> Prompt:
Shown below are entries with pictures; the line with "To Lease or Buy Your Vehicle?" through the line with "Double Bed 180x200 Dusty Rose Royal Black" is the span to retype exactly, and the pictures stay out.

> Material for this task:
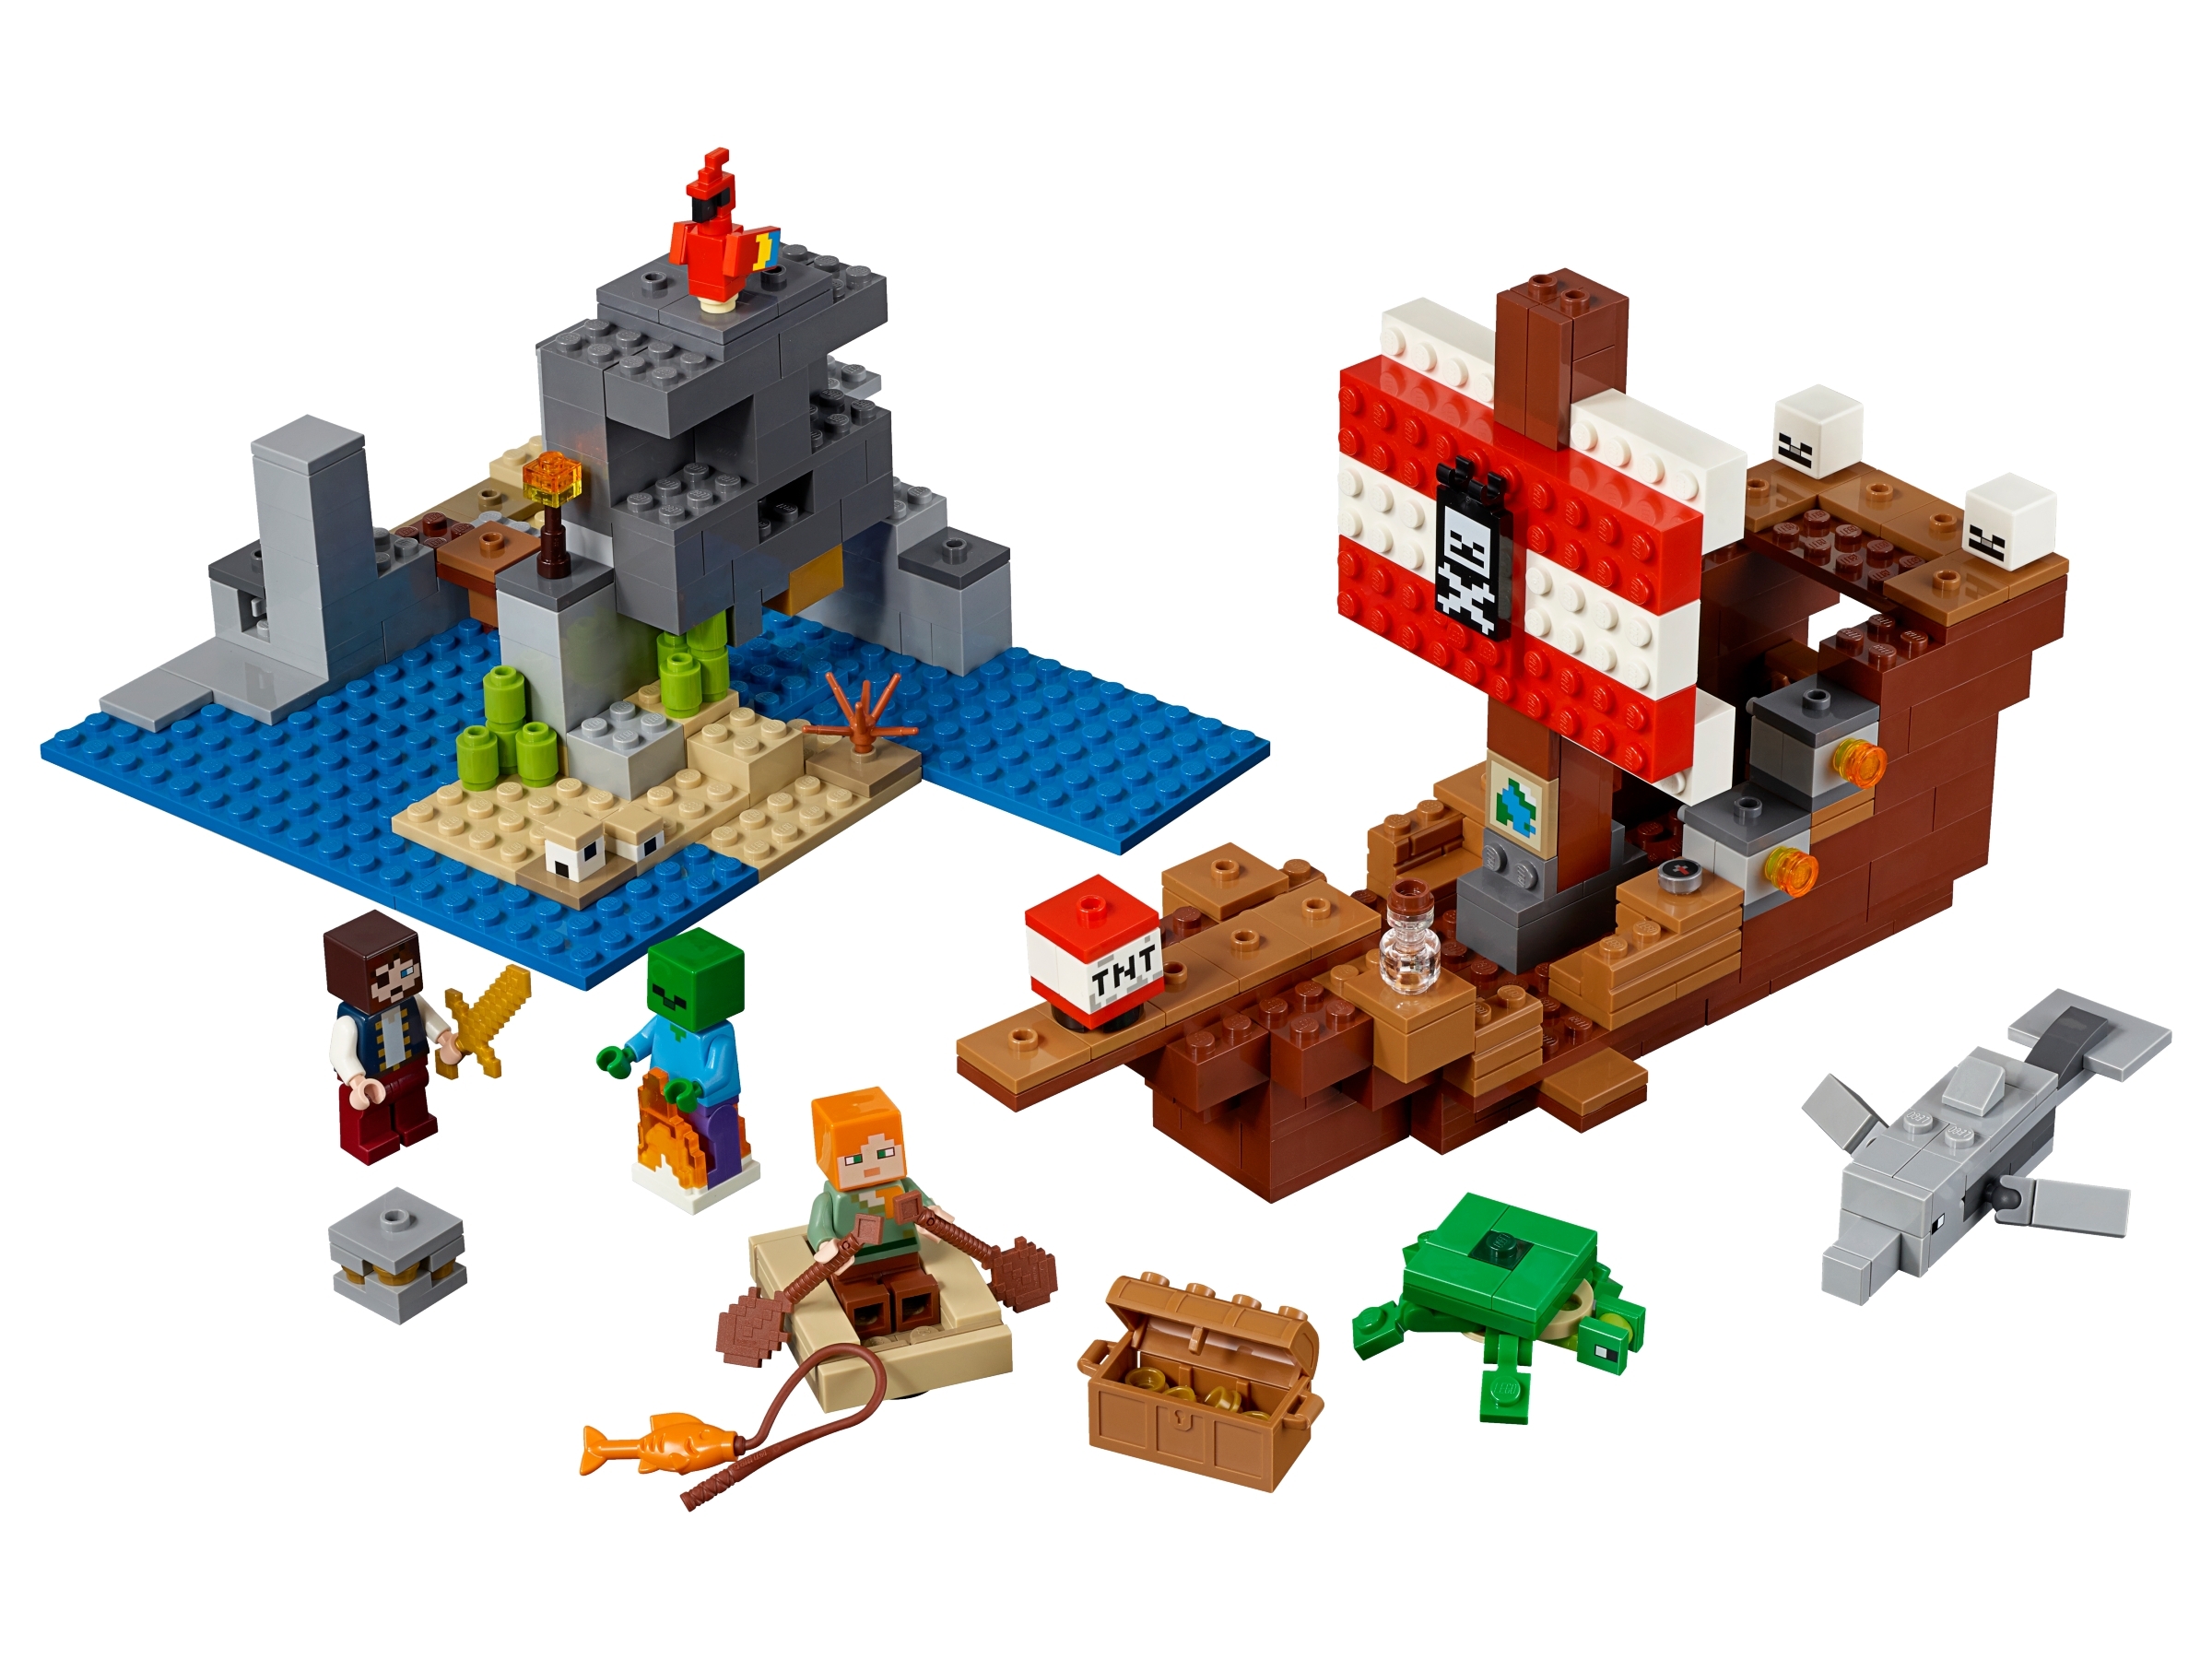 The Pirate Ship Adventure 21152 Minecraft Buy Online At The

--

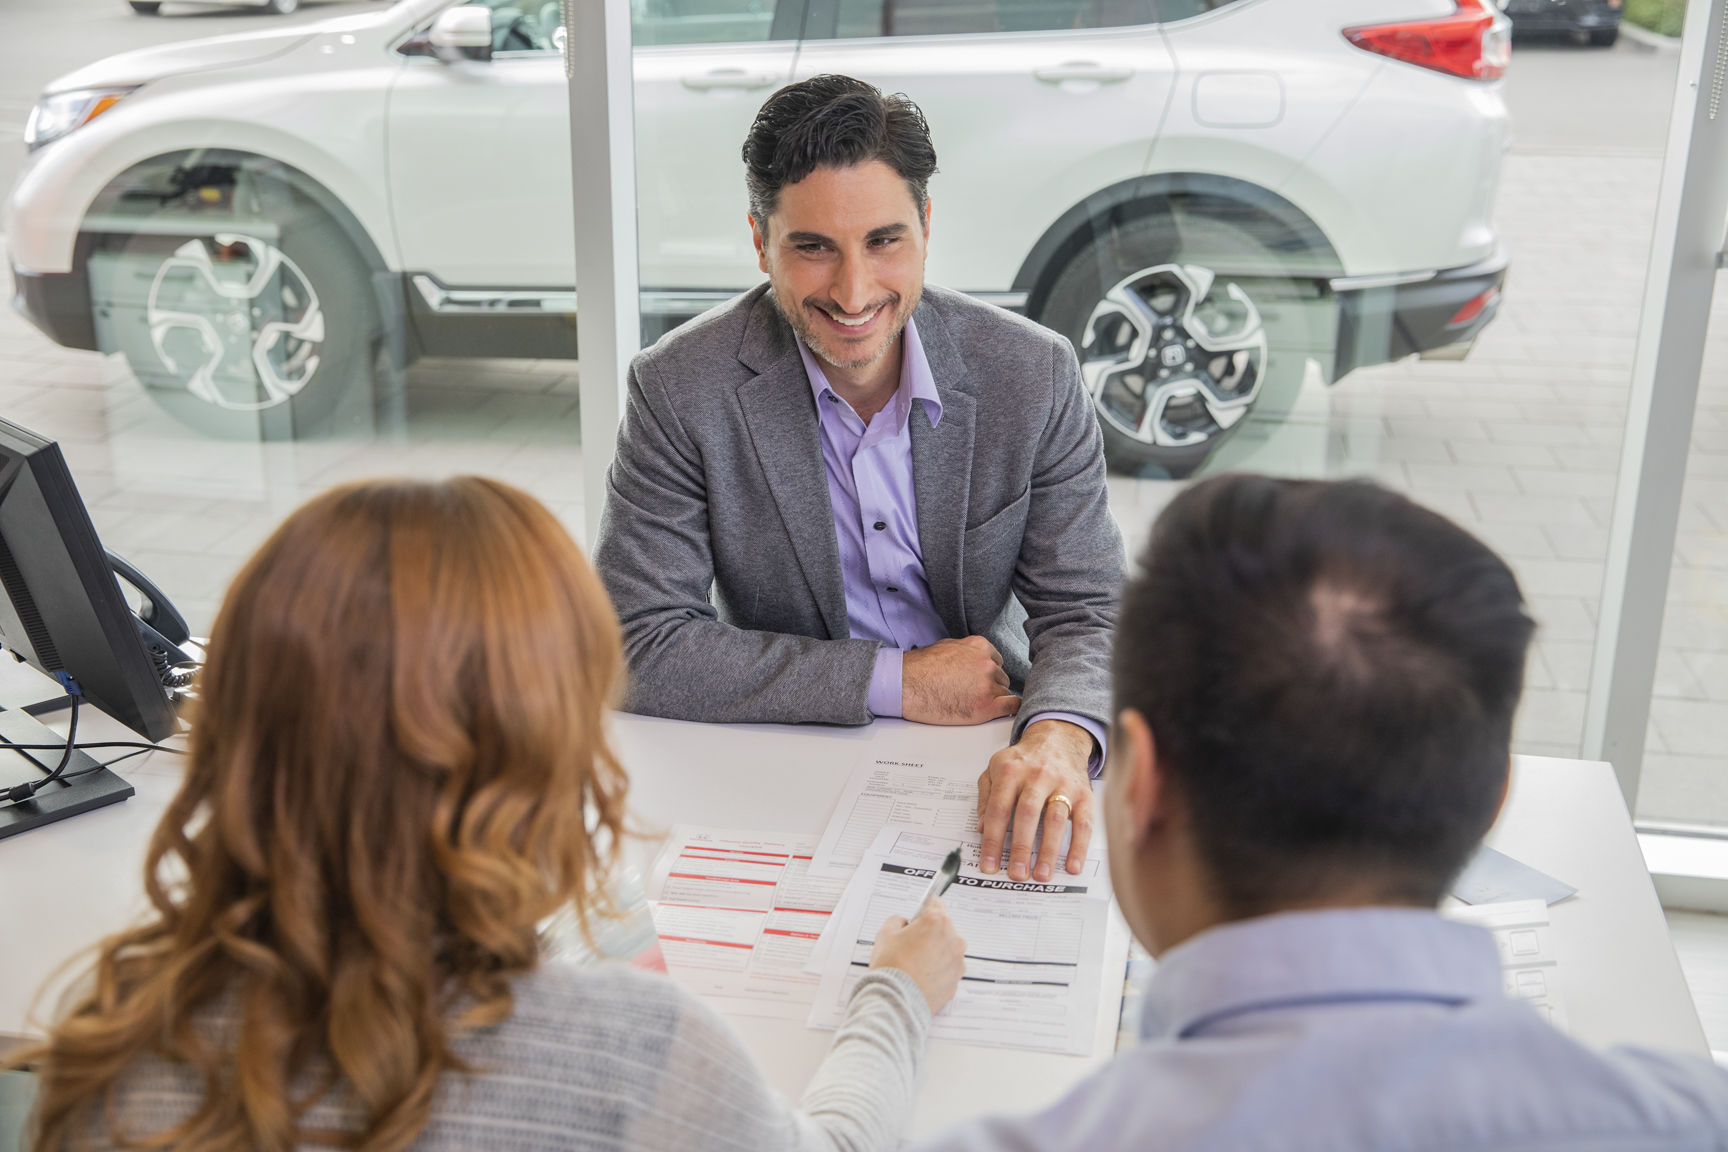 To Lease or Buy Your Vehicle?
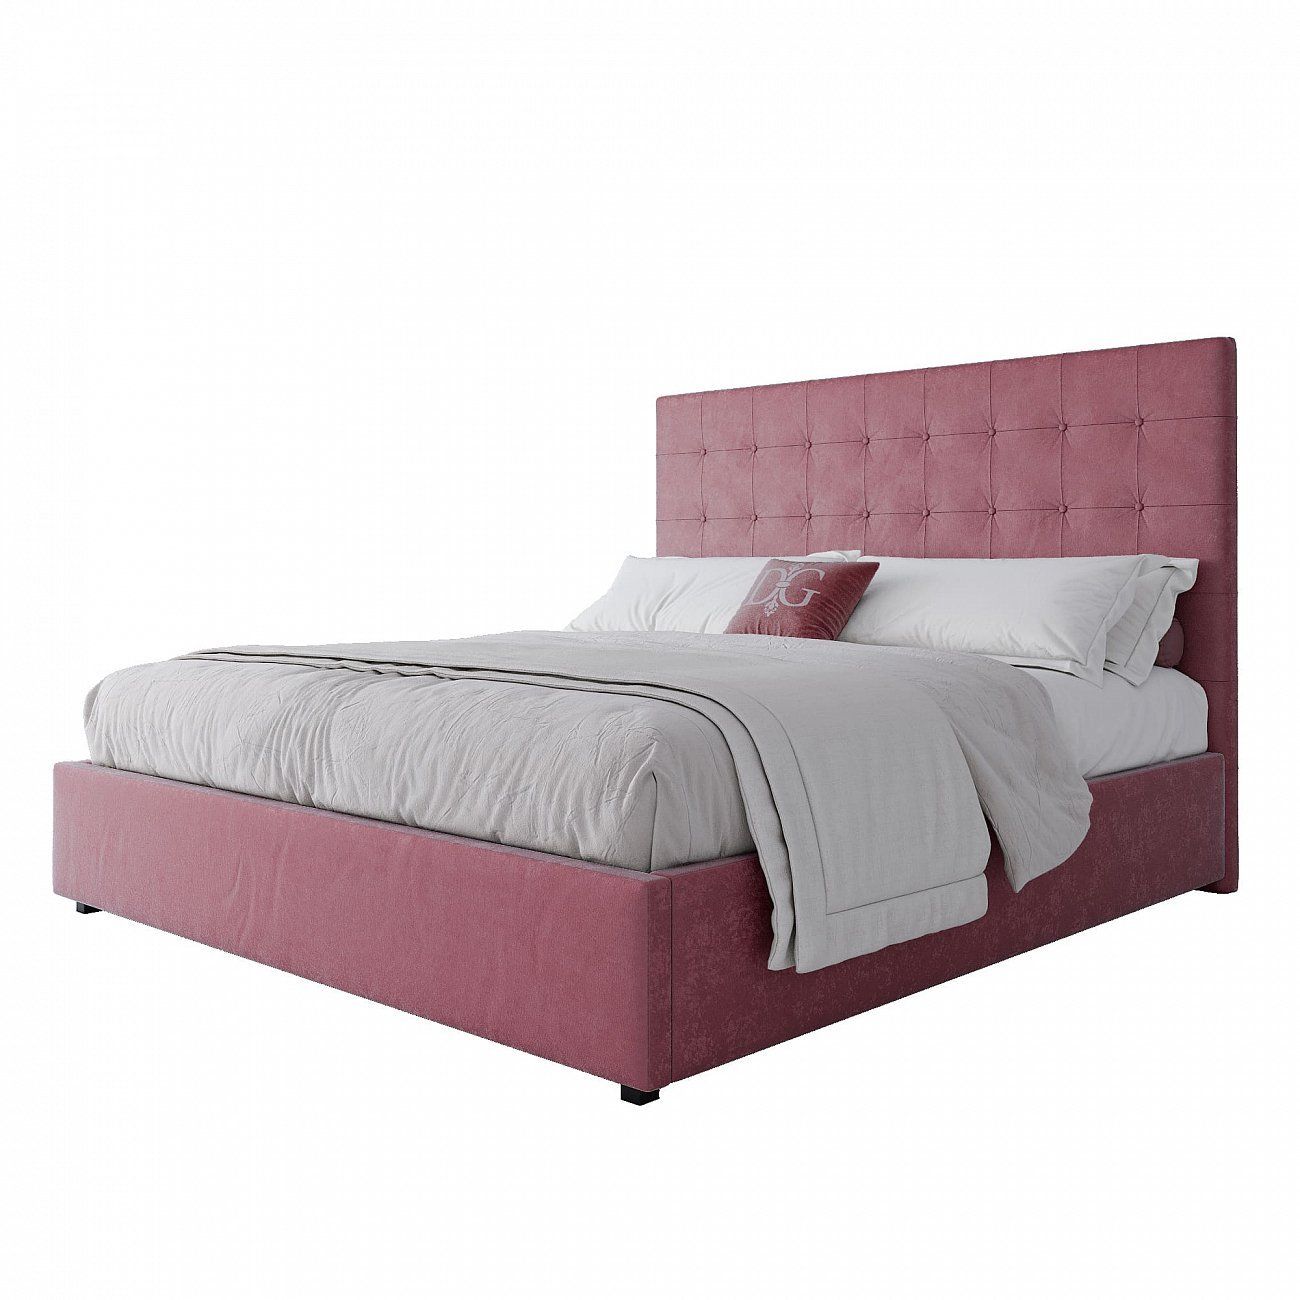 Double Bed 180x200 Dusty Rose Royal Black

---

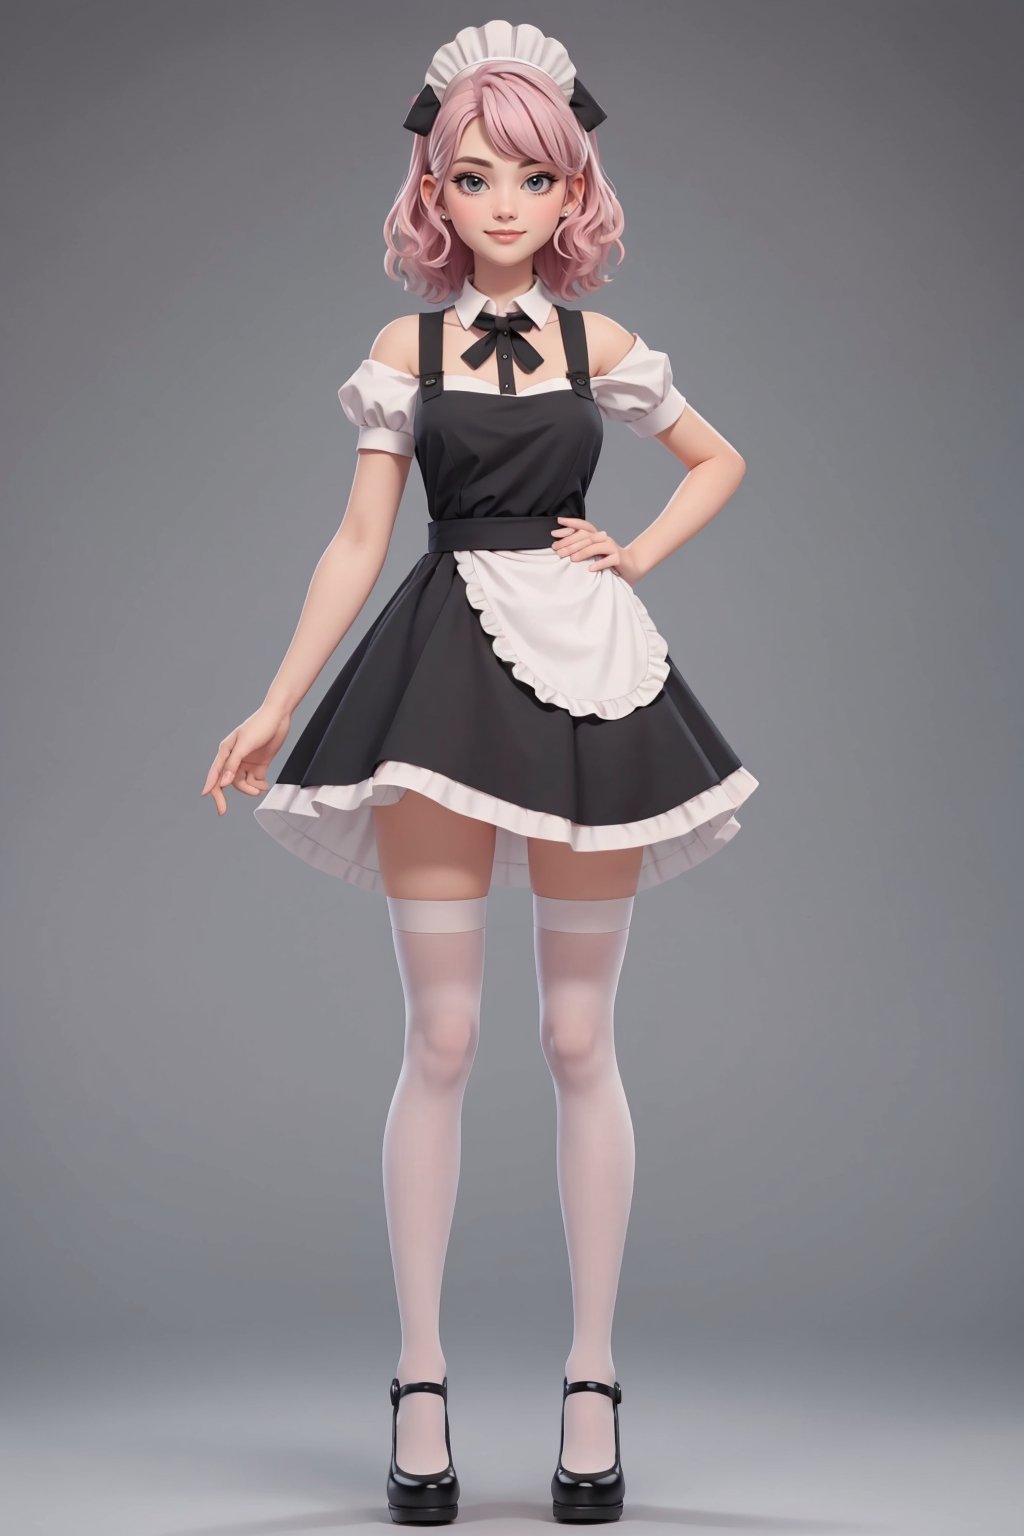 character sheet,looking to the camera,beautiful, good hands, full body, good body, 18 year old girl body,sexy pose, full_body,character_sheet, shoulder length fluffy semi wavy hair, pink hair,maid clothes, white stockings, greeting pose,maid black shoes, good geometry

> Response below:
 To Lease or Buy Your Vehicle?
 Double Bed 180x200 Dusty Rose Royal Black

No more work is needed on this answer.